Ländliche Regionen und Dörfer könnten nach Expertenansicht als Wohnorte bald wieder attraktiver werden. „Dazu müssen kleine Orte ihren Bewohnern eine gut funktionierende Gemeinschaft, abwechslungsreiches Vereinsleben und ein tatkräftiges Engagement für die dörfliche Infrastruktur, zum Beispiel den letzten Gasthof oder Laden, bieten“, sagte der Geograf und Dorfforscher Gerhard Henkel dem Evangelischen Pressedienst (epd). Aktuell sei noch eine stärkere Wanderungsbewegung in die Städte zu beobachten.

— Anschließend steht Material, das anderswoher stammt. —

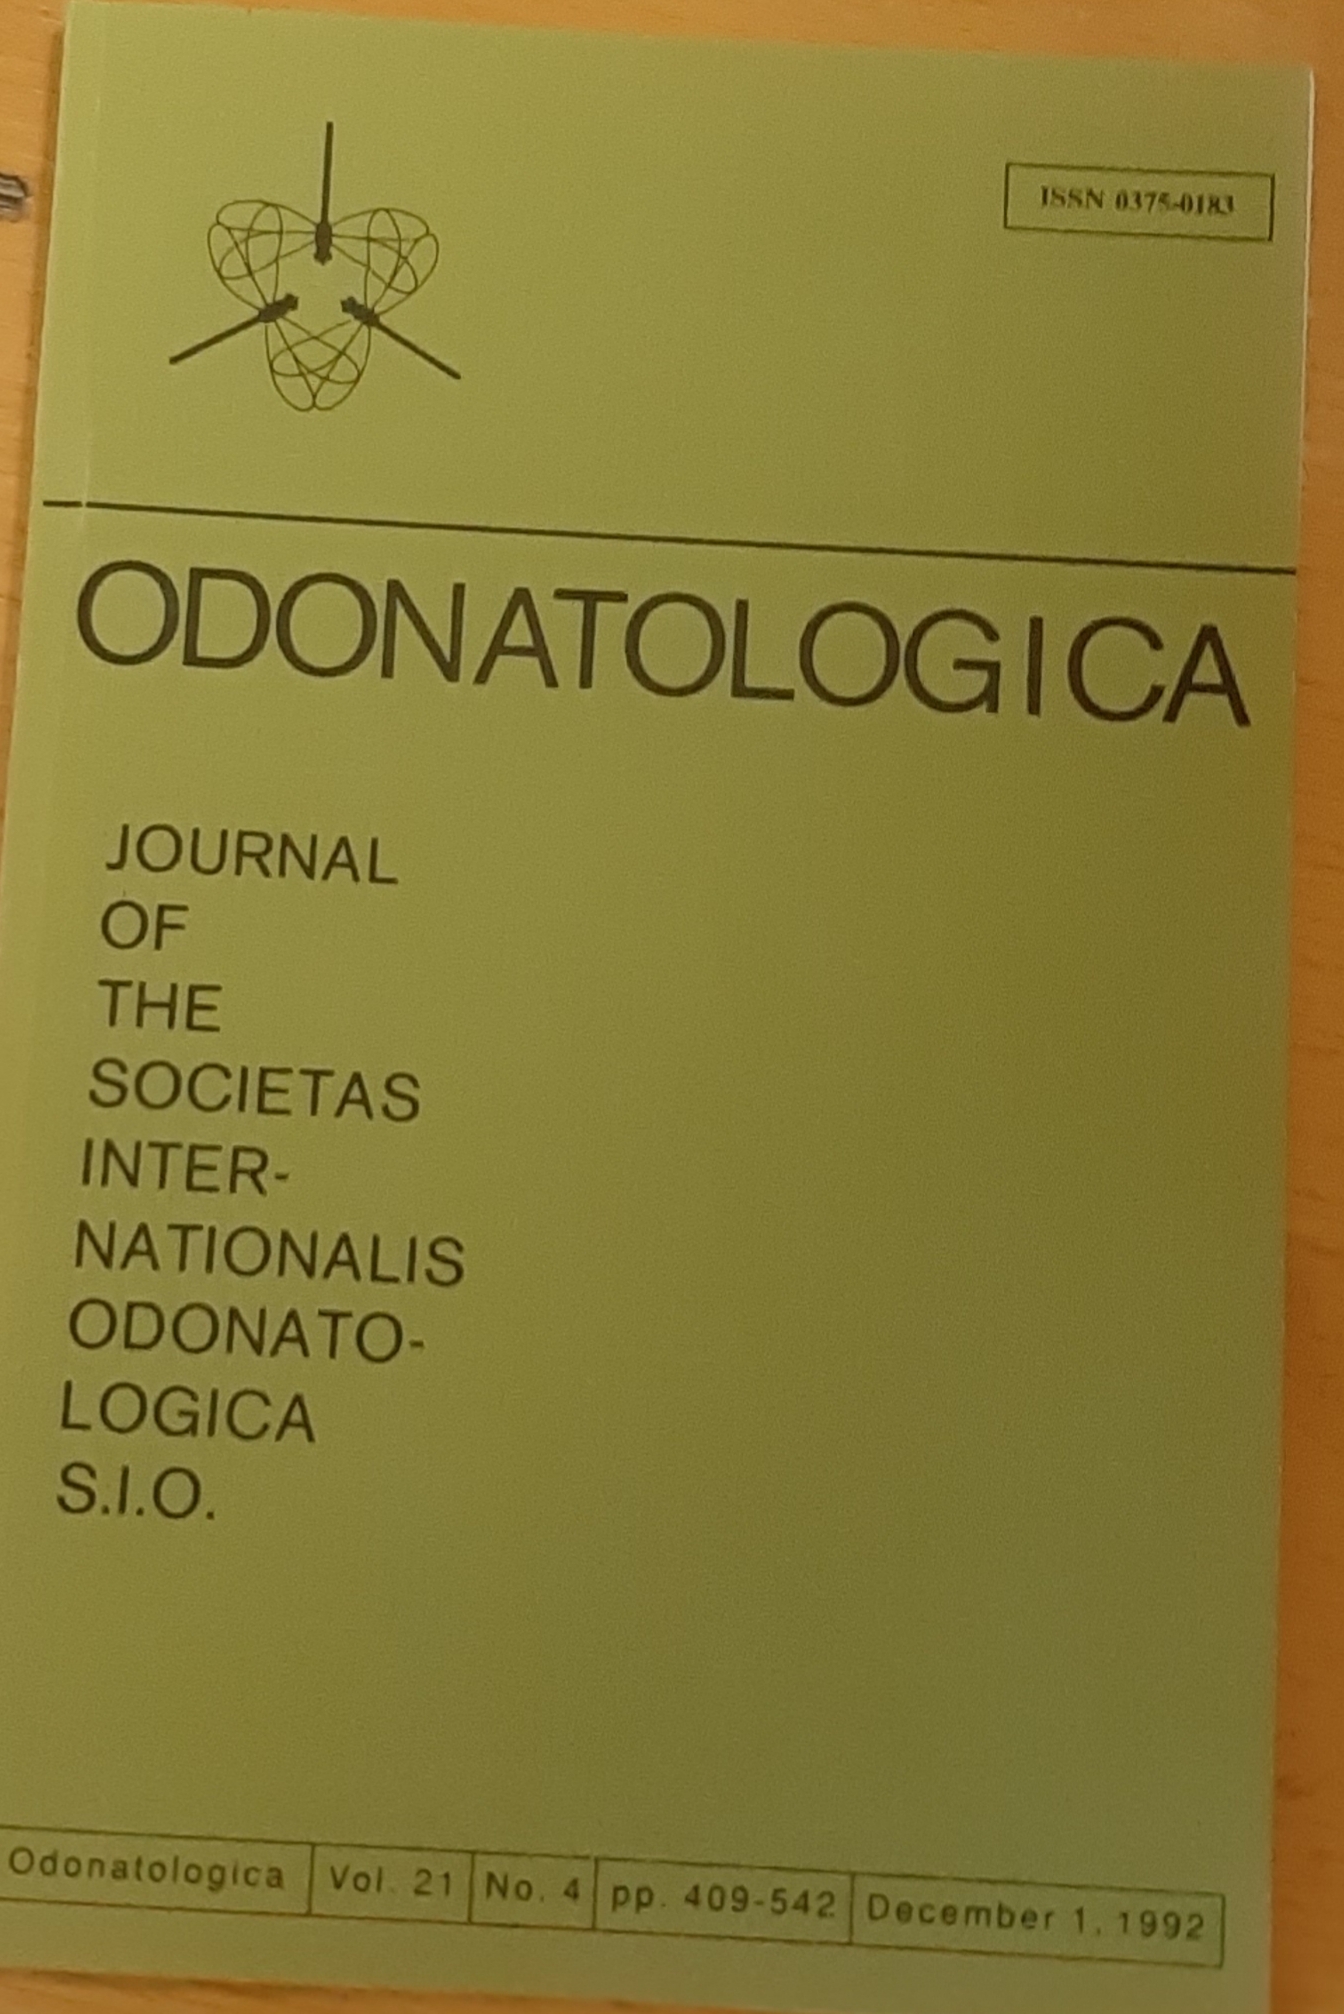 Odonatologica 1992/21. évf. 4. szám Journal of the Societas Internationalis Odonatologica S.I.O. (Rippl-Rónai Múzeum RR-F)

Ein Plus für das Landleben sei die Möglichkeit, das eigene Umfeld stärker selbst zu gestalten. „Die Gesellschaft in diesen Regionen kann zukünftig nicht nur mit einer Steuerung von oben nach unten funktionieren“, sagt der emeritierte Professor der Universität Duisburg-Essen. Initiativen, Vereine und Interessengemeinschaften müssten ausgebaut werden. Das „Sich einsetzen für die Gemeinschaft“, sei schon heute das Kapital des Dorfes. Es werde in Zukunft noch wichtiger werden. Auch bei vielen Großstädtern gebe es eine Sehnsucht nach dem Leben auf dem Land. „Das Geflecht der sozialen Beziehungen ist in Dörfern in der Regel enger und zugleich überschaubarer“, sagte Henkel. Menschen seien dort eher bereit, sich für andere und das Dorfganze zu engagieren. Auf dem Lande herrsche ein natur-, traditions- und handlungsorientierter Lebensstil. Nach Henkels Ansicht muss das Ehrenamt in den Dörfern durch eine neue Anerkennungskultur durch Kommunen und Mitbürger gestärkt werden.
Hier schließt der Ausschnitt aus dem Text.